Ms. Dayton said preservation has been no easy task, although having a responsive Town Board and local government leaders who are environmentalists has been helpful. The Southampton Trails Preservation Society has worked actively with Southampton Town government as well as the State Department of Environmental Conservation and environmental organizations such as The Nature Conservancy and the Long Pond Greenbelt, as well as neighboring trails groups such as the East Hampton Trails Preservation Society.

Perhaps the most important achievement was securing a trail law within the Southampton Town code during the late 1980s, which ensured that trails would be recognized and preserved as natural resources, Ms. Dayton said. The town code also mandated that developers point out all existing trails on proposed subdivision maps, keeping them from being broken up or interrupted by new house lots and development.

At that time, Fred W. Thiele Jr.—now a local assemblyman and the village attorney for Sag Harbor—played an important role as the town attorney for Southampton. Mr. Thiele explained last week that the law gives planning officials the power to protect old trails that cross private property.

“The primary issue really was, as the area got under development, the fear that a lot of these trails and trail linkages would be lost because of development,” said Mr. Thiele. “We have the authority, under the law, to protect features such as trails.”

Ms.

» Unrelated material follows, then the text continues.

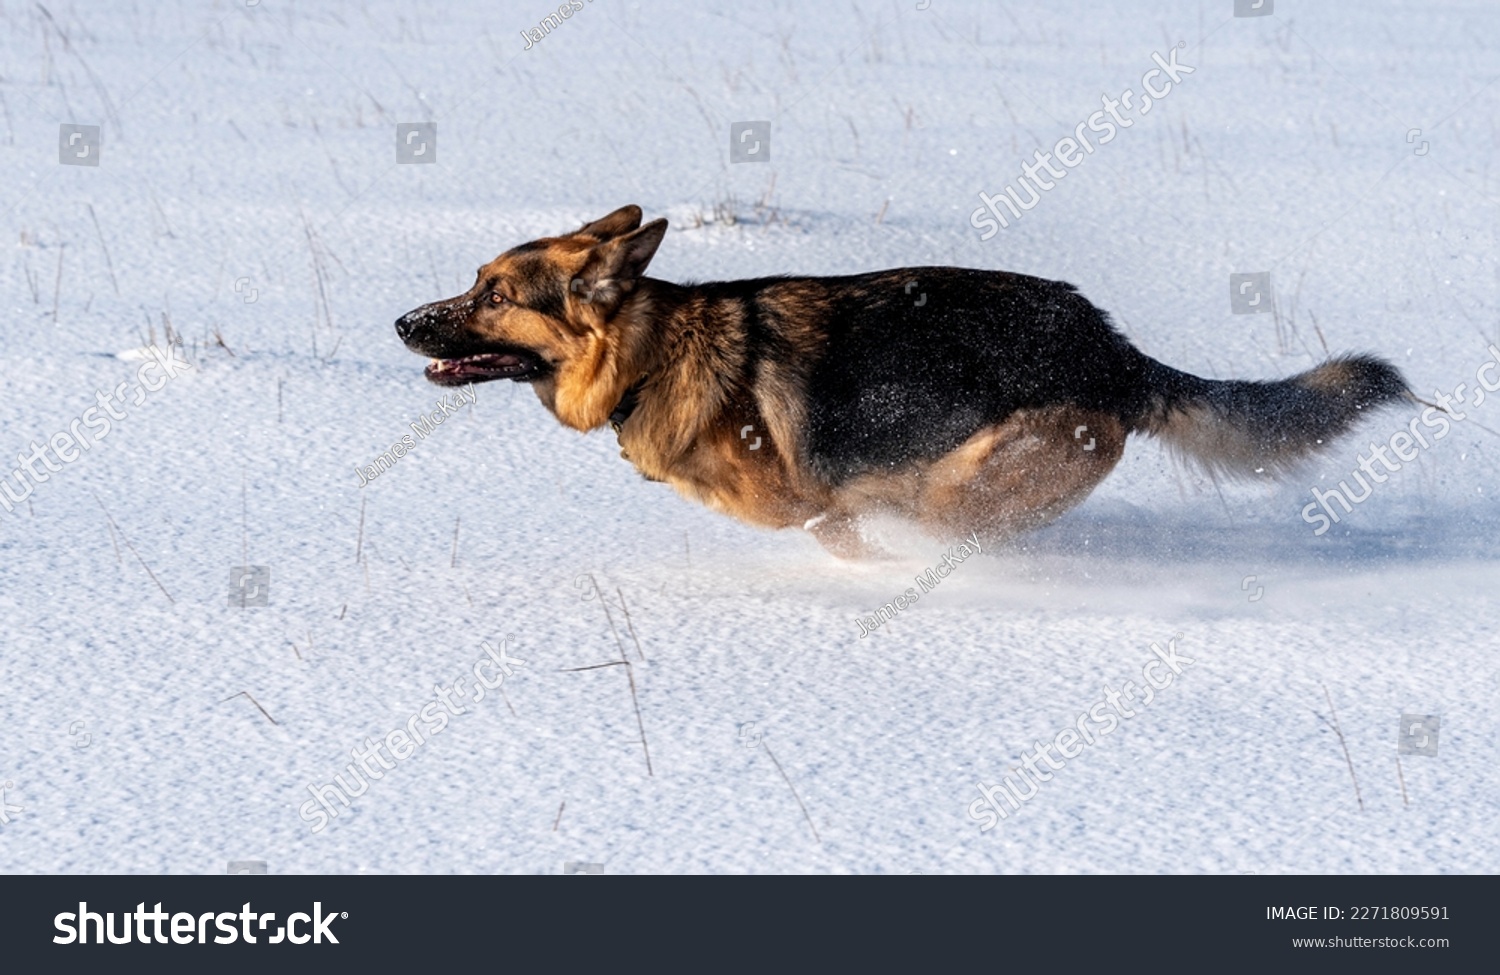 A German Shepherd dog running playing in the snow. #2271809591
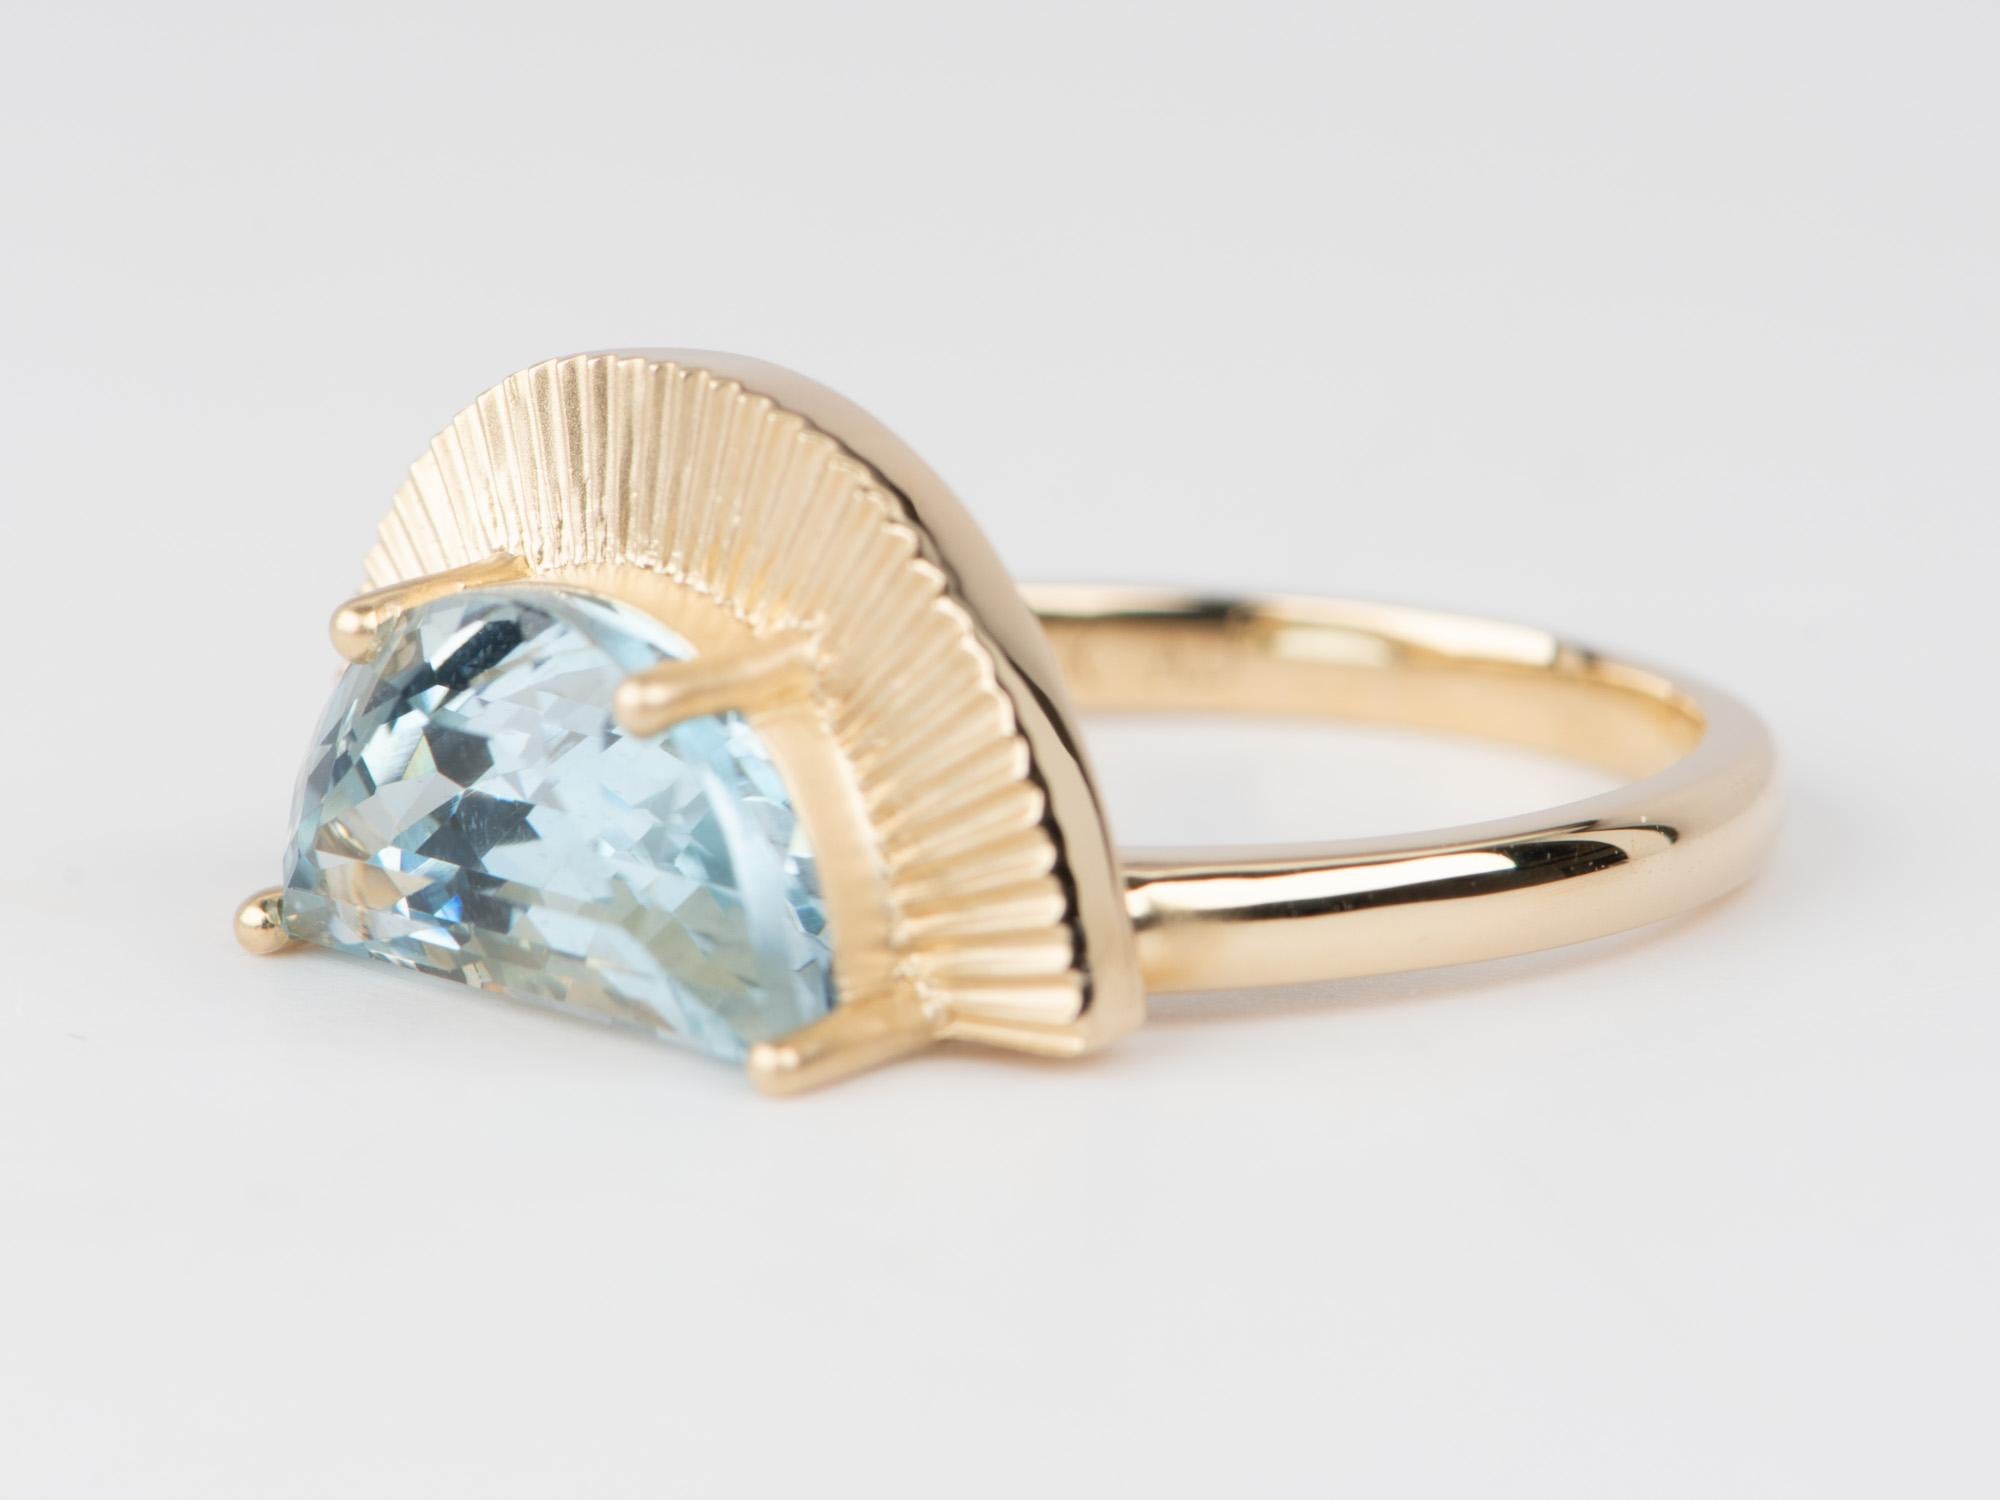 2.9ct Half Moon Shape Aquamarine with Sun Ray Ring 14K Gold R6669 In New Condition For Sale In Osprey, FL

Louchheim echoed that sentiment and said that the law has truly been instrumental.

“If in a subdivision there is a trail that people have been using, that trail has to remain in the subdivision,” she said. “It could be moved, but it has to stay there. That was very important because too many subdivisions were being plopped right in the middle of our trail system.”

At the time, homeowners would repeatedly argue that the law would “impinge on their property rights,” Ms. Louchheim said, but things have changed. “I have to tell you, now I see these real estate developments for sale and they say ‘next to trail or trail access’; they are just touting these trails.”

Both Mr. Thiele and Ms. Dayton explained that the town’s Community Preservation Fund has also been key. “As far as protecting trails and public access, we put many tools in the toolbox, probably the most important tool has been the Community Preservation Fund because important trail linkages that otherwise might have been lost, the town has been able to acquire,” Mr. Thiele said.

The CPF was created in 1999 and is supported by revenues that come from a 2-percent tax on most real estate transfers. It allows the town to buy land, although the property owners must be willing to sell; the fund cannot be used during such proceedings as eminent domain or condemnation. Thus far, the fund has preserved more than 3,000 acres of land that could have been lost to development.

Now the biggest task for the society is maintaining existing trails and ensuring that they remain open and accessible to hikers. That means that after every major storm, members must be prepared to clear the paths and make sure that the blazes remain painted on the trees so that hikers do not get lost. That takes manpower, because paint “deteriorates,” said Howard Reismann, a board member.

A white blaze means a hiker is on the Paumanok Path, a 130-mile, east-to-west trail that stretches from Montauk Point to Rocky Point on the north shore. The organization has just a few miles left to finish this path in the Shinnecock Hills area—and on April 23, its members will host an inaugural hike celebrating its completion.

“The towns have done their fair share with laws, but really what has protected the trails has been the private sector—the Trails Preservation Society; they have helped to maintain the trails, advocated for stronger laws to preserve the trails,” said Mr. Thiele.

“What is really great about it is it is all volunteers,” he continued, “people that give their time to the community, to the town, and provide a resource that is really beneficial.”